- **WORK TO COMPLETE**
With the pictures left out, retype exactly the lines below starting at the line that contains "Michael 4 for Genesis 2 Male" and ending at the line that contains "Douche Italienne De Salle De Bain BATH Room".

- **GIVEN INFORMATION**
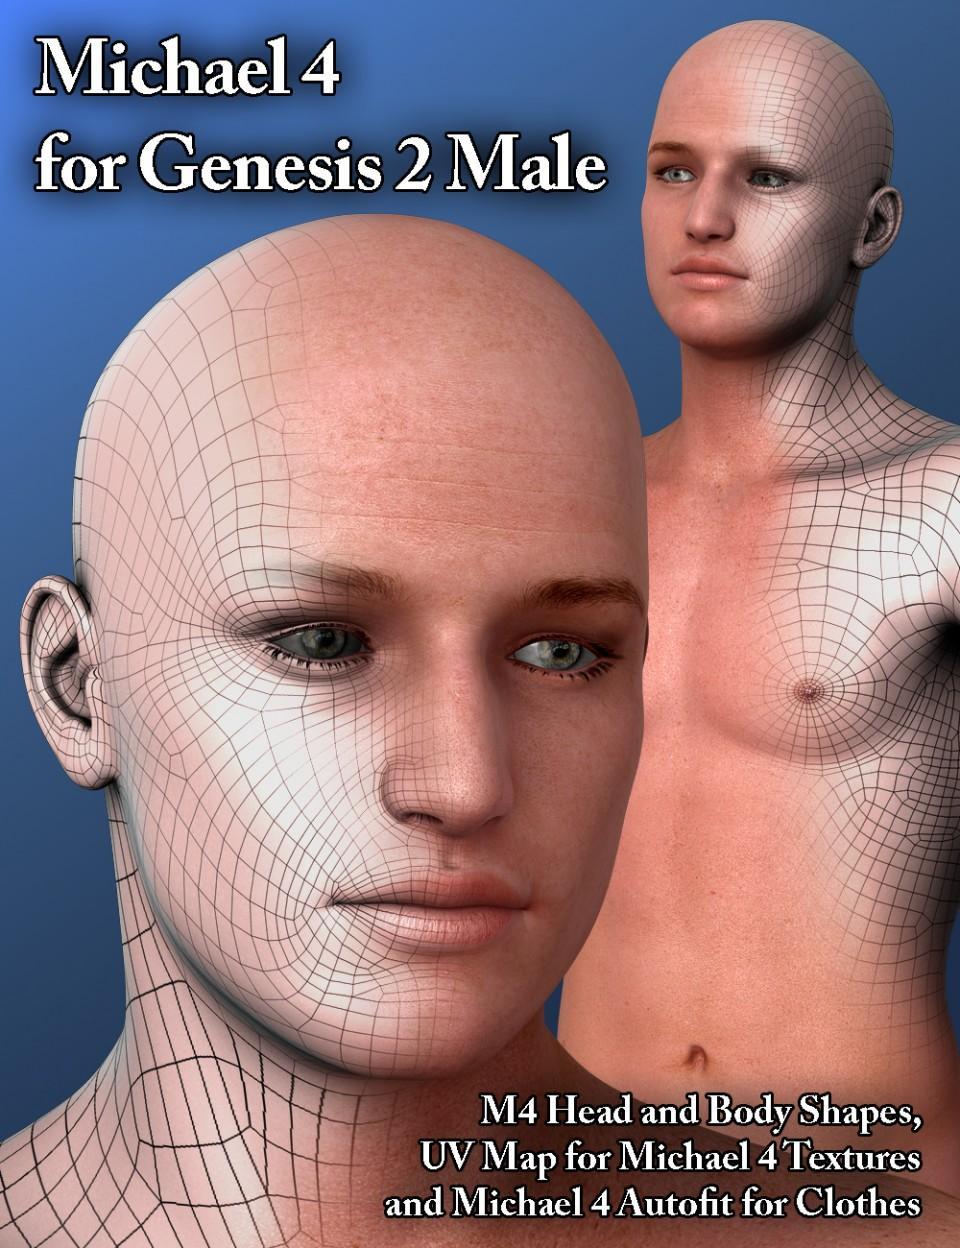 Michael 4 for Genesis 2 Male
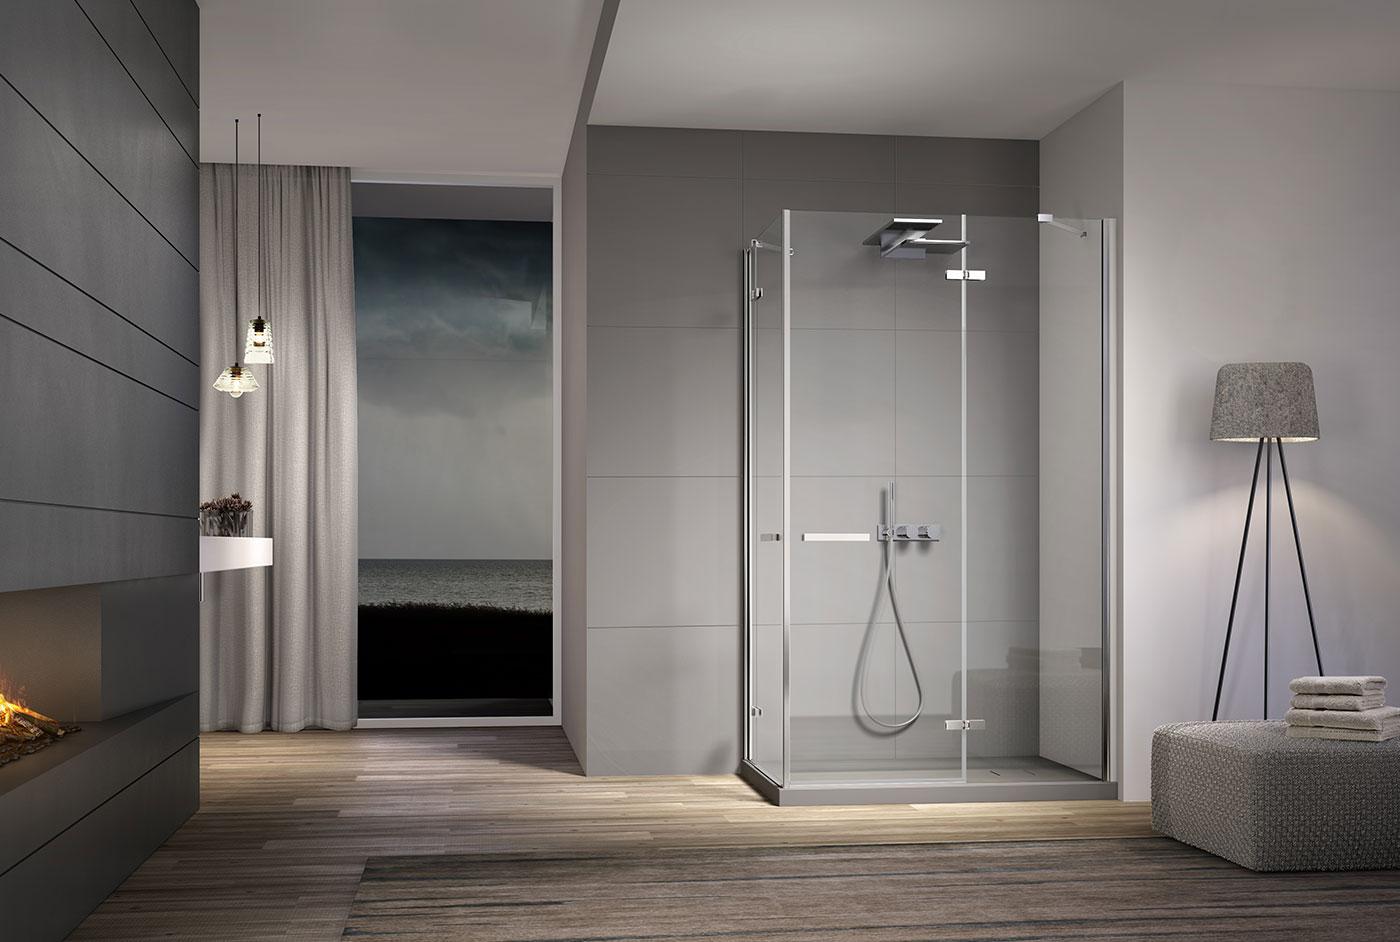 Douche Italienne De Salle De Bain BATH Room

* * *

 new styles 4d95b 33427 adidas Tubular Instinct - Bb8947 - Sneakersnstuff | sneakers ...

- **WRITTEN ANSWER**
 Michael 4 for Genesis 2 Male
 Douche Italienne De Salle De Bain BATH Room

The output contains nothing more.